A seguire una presentazione del volume, una più articolata sintesi del suo contenuto e alcune foto della conferenza stampa


PRESENTAZIONE

L’obiettivo che il presente lavoro si prefigge consiste nel gettare una luce sulle “zone d’ombra” della carriera artistica di Luca Signorelli (Cortona, 1450 circa – ivi, 1523), coincidenti con il momento della formazione e degli esordi (1470-1485) ‑ ancora avvolto nel mistero e irto di problemi interpretativi – e con quello della tarda attività di bottega (1515-1523), quando la mano del maestro stenta a emergere dall’insieme degli aiuti e delle collaborazioni.

Focalizzare l’attenzione su questi due momenti significa, in sostanza, considerare e valorizzare l’attività svolta da Signorelli in Umbria, sua “patria d’adozione”: con l’eccezione infatti del Martirio di san Sebastiano di Città di Castello, del celebre ciclo apocalittico di Orvieto e del Santo Stefano della Fondazione Cassa Risparmio di Perugia, opere della piena maturità ampiamente studiate, i lavori dell’artista tuttora conservati in Umbria si pongono agli “estremi” del catalogo signorelliano, all’interno del quale costituirono importanti punti di riferimento per altre opere che, nei medesimi periodi, venivano destinate a diverse città dell’Italia centrale (compresa la patria del pittore, Cortona). Ciononostante, si tratta di lavori che, fino a tempi recenti, hanno goduto di scarsa considerazione per le ragioni più disparate, quali la difficoltà delle attribuzioni, il precario stato di conservazione, la scarsa visibilità delle rispettive strutture museali, l’abbassamento di qualità conseguente al ruolo preponderante della bottega.

L’impostazione seguita nel presente studio è stata la medesima che ha contraddistinto i nostri precedenti scritti, ossia la volontà di conferire il massimo rilievo alla dimensione storica e alla contestualizzazione dell’opera d’arte vista innanzitutto come “oggetto”, col mettere in secondo piano l’analisi stilistica e l’attribuzionismo e nella convinzione che quest’ultimi non possono sostituirsi all’indagine storica, la quale sola è capace, possibilmente, di fornire risposte ai problemi ancora insoluti, trovando poi conferme sul piano stilistico.

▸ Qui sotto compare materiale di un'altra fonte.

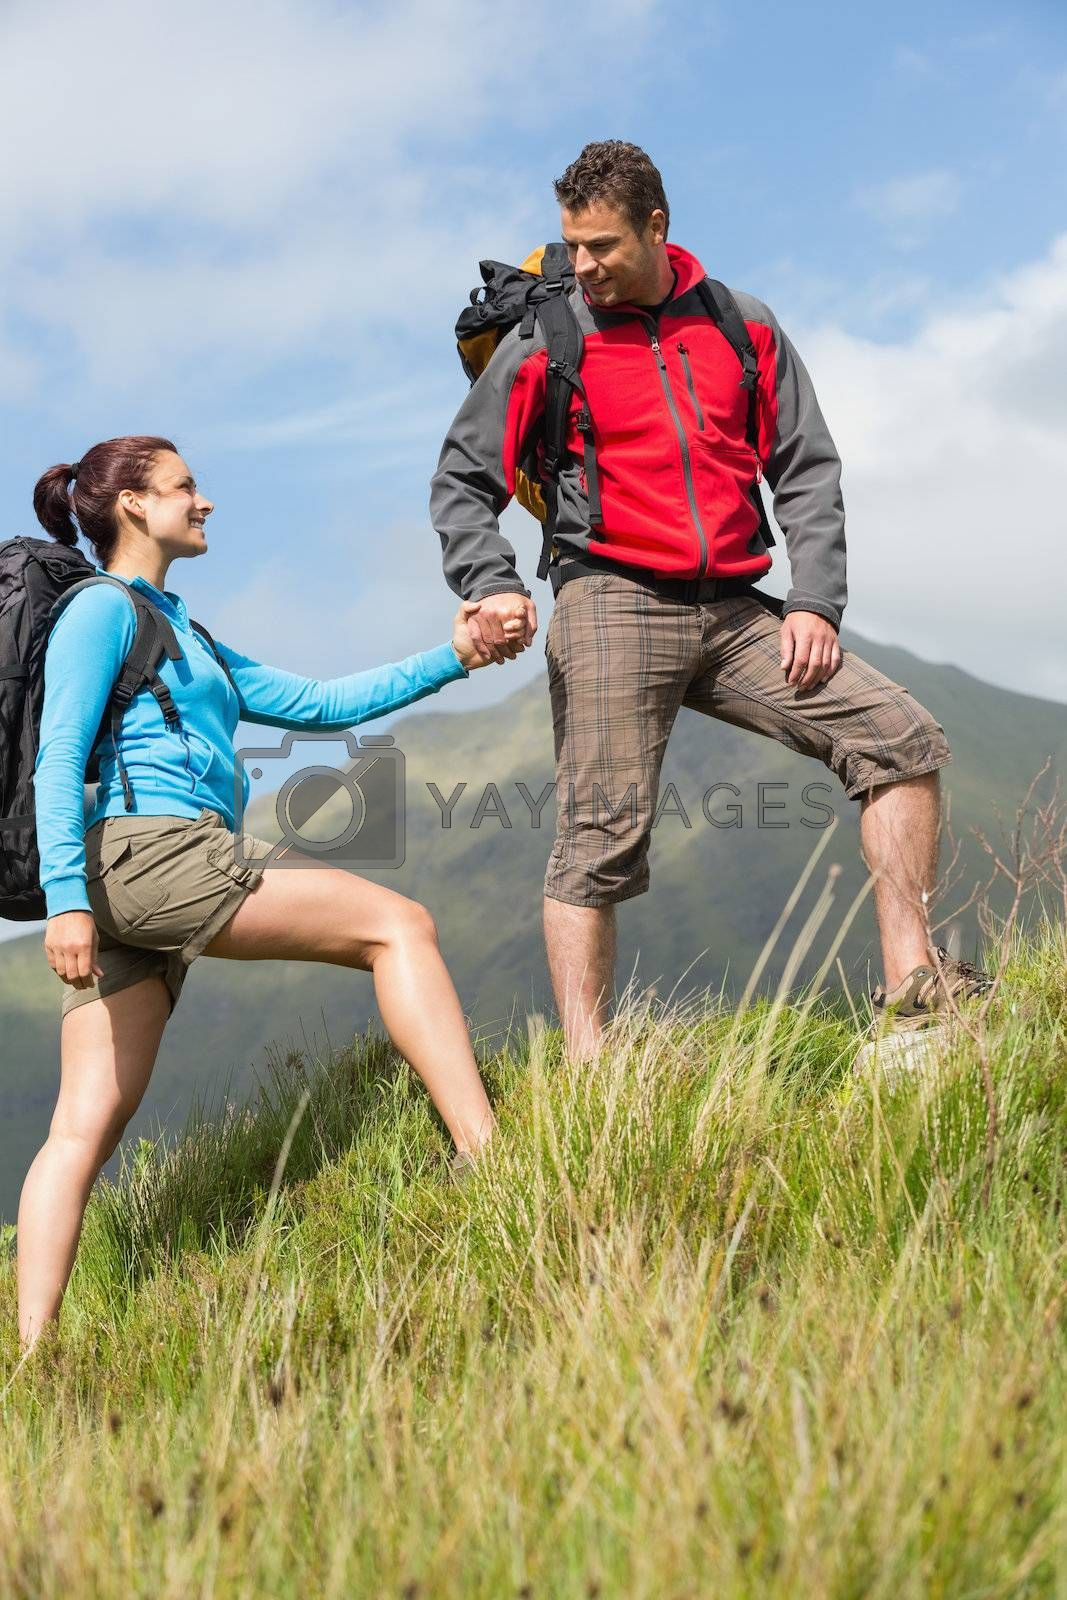 Handsome hiker helping his girlfriend uphill by Wavebreakmedia

La tesi di dottorato è stata strutturata in due parti: un primo capitolo dedicato alla formazione e agli esordi del pittore, sino alle soglie della maturità artistica (dal tirocinio pierfrancescano – la cui problematicità ruota tutta intorno a un affresco conservato a Città di Castello – allo Stendardo di Brera, più volte esposto a Perugia); e un secondo capitolo incentrato su uno dei filoni più rilevanti della produzione signorelliana, quello della Sacra Conversazione, considerato lungo l’intero arco della carriera dell’artista, dalla prima opera della maturità, la Pala Vagnucci di Perugia, alla Pala del Calcinaio di Cortona, l’ultima ancona dell’artista (completamente esemplata sulla giovanile pala del duomo perugino), passando per alcune pale d’altare di epoca tarda: Santa Cristina a Montone, Santa Cecilia a Città di Castello e Sant’Antonio di Padova a Paciano (ora a Perugia).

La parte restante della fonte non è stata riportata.